Dataset section
* * * * * * *

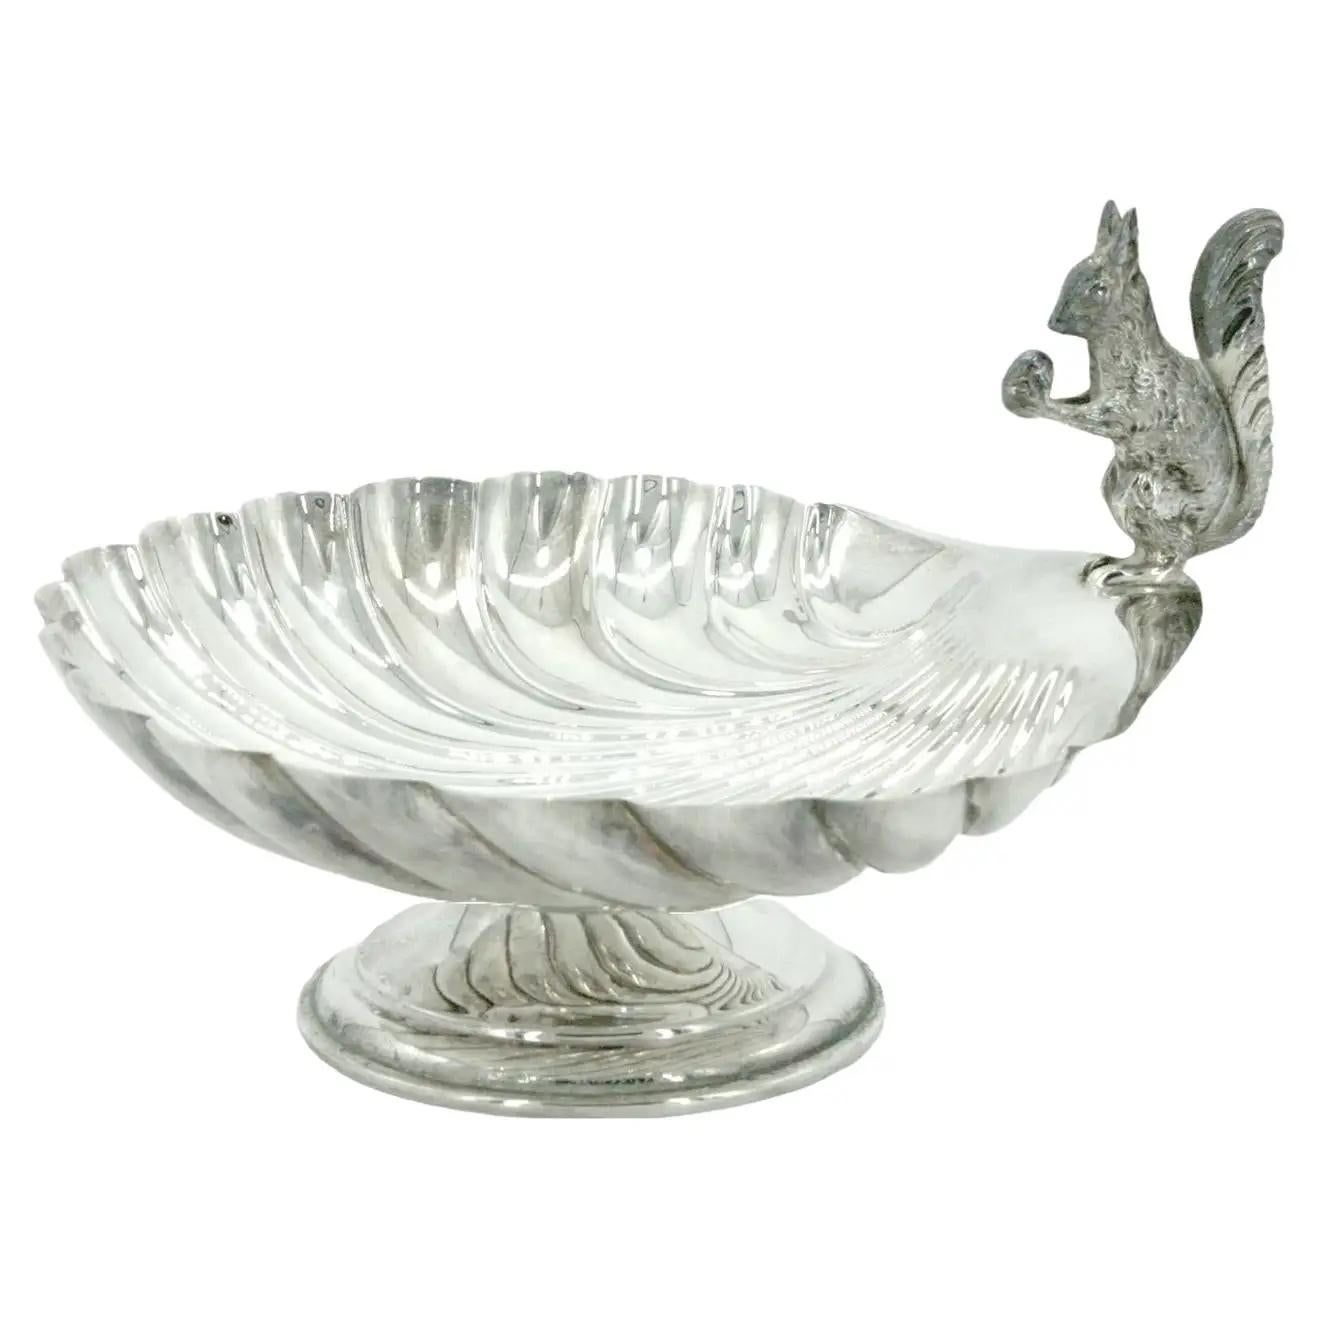 English Silver Plate Tableware Serving Piece For Sale 8
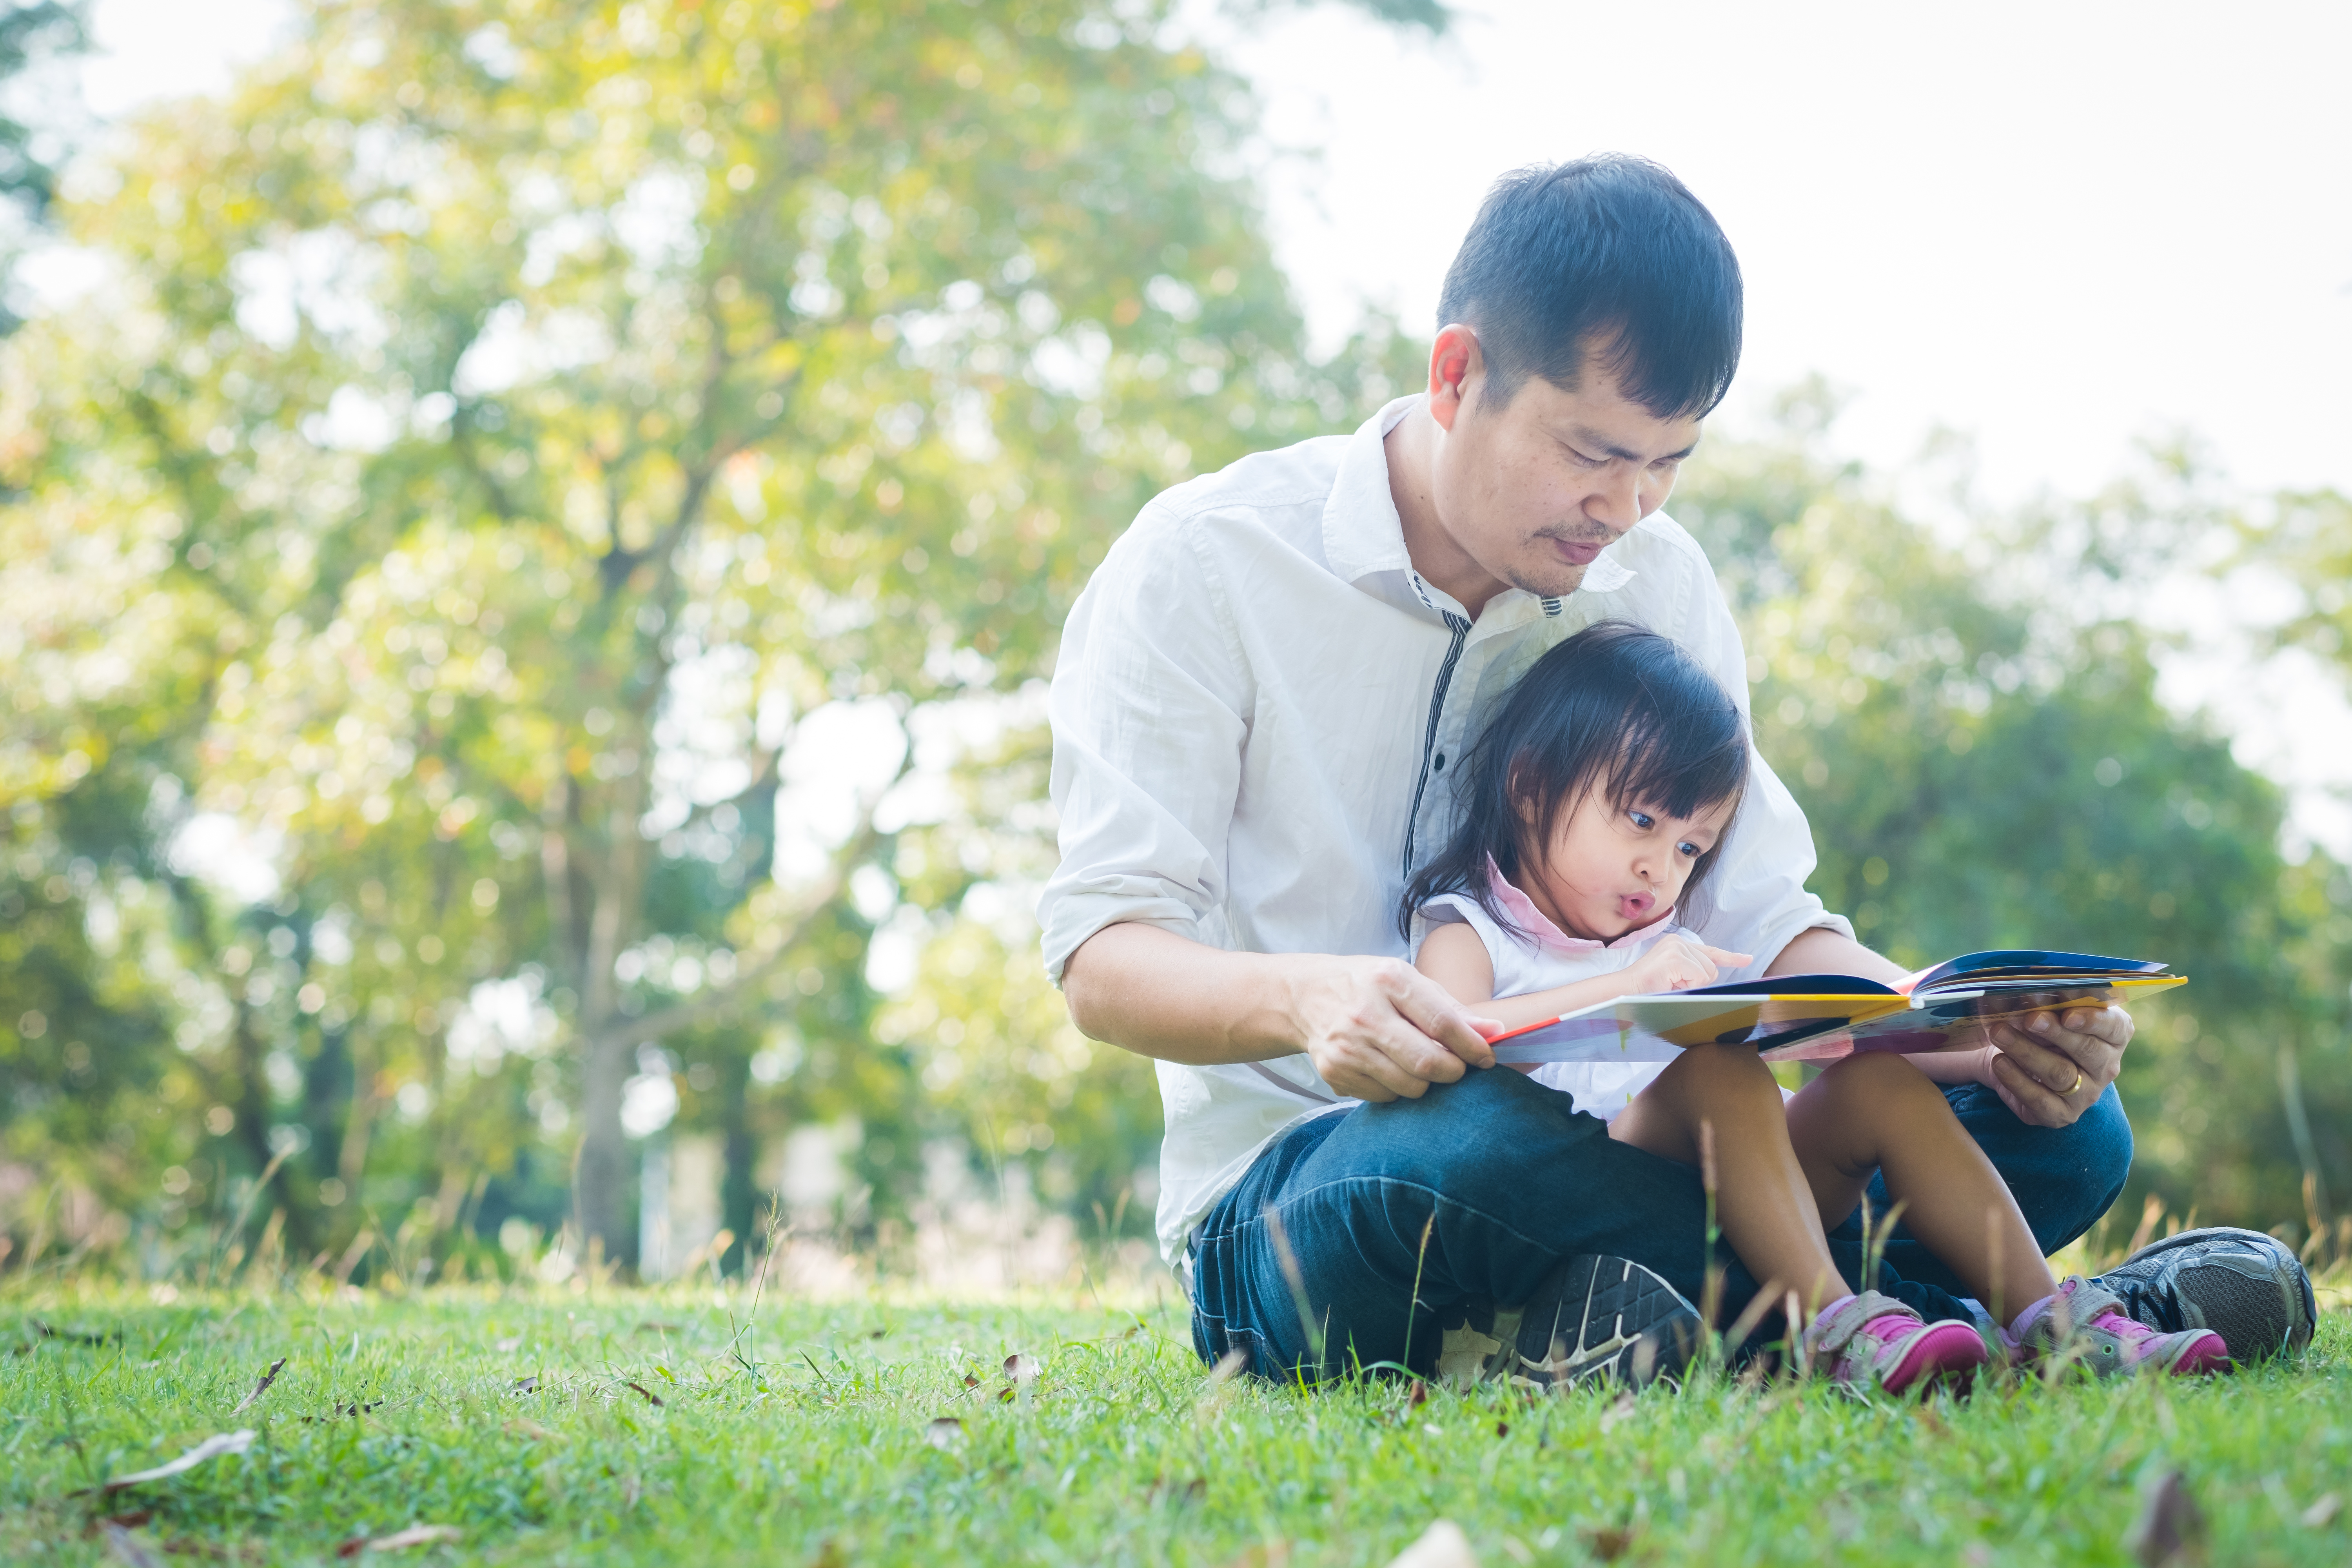 A man and child sit together outside looking at a book
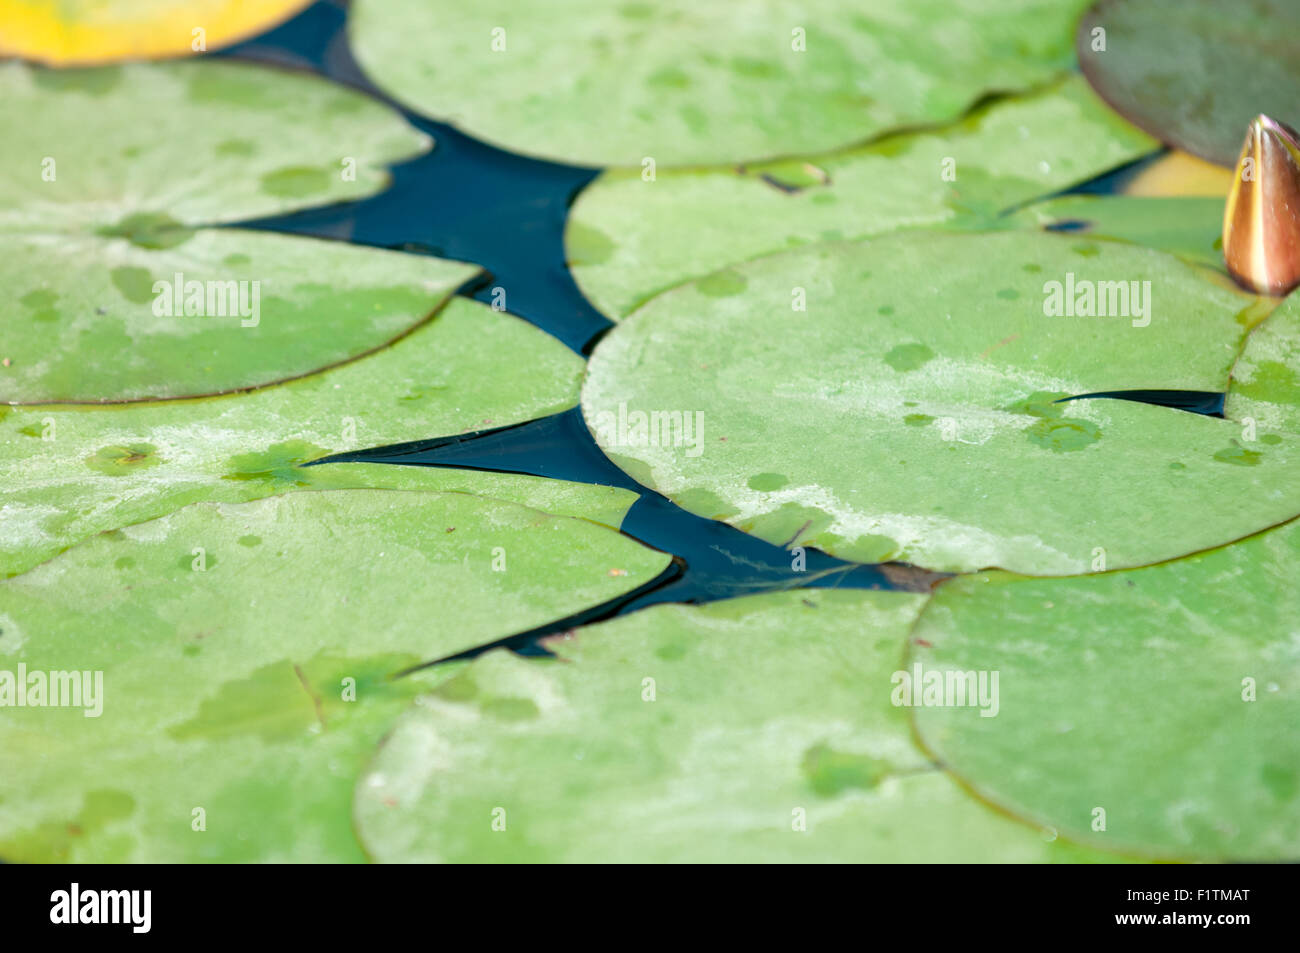 Close up of green lily pads on a pond Stock Photo

* * * * * * *

Required work
Each line above should be set down exactly as written, with pictures excluded.

Written response
 English Silver Plate Tableware Serving Piece For Sale 8
 A man and child sit together outside looking at a book
 Close up of green lily pads on a pond Stock Photo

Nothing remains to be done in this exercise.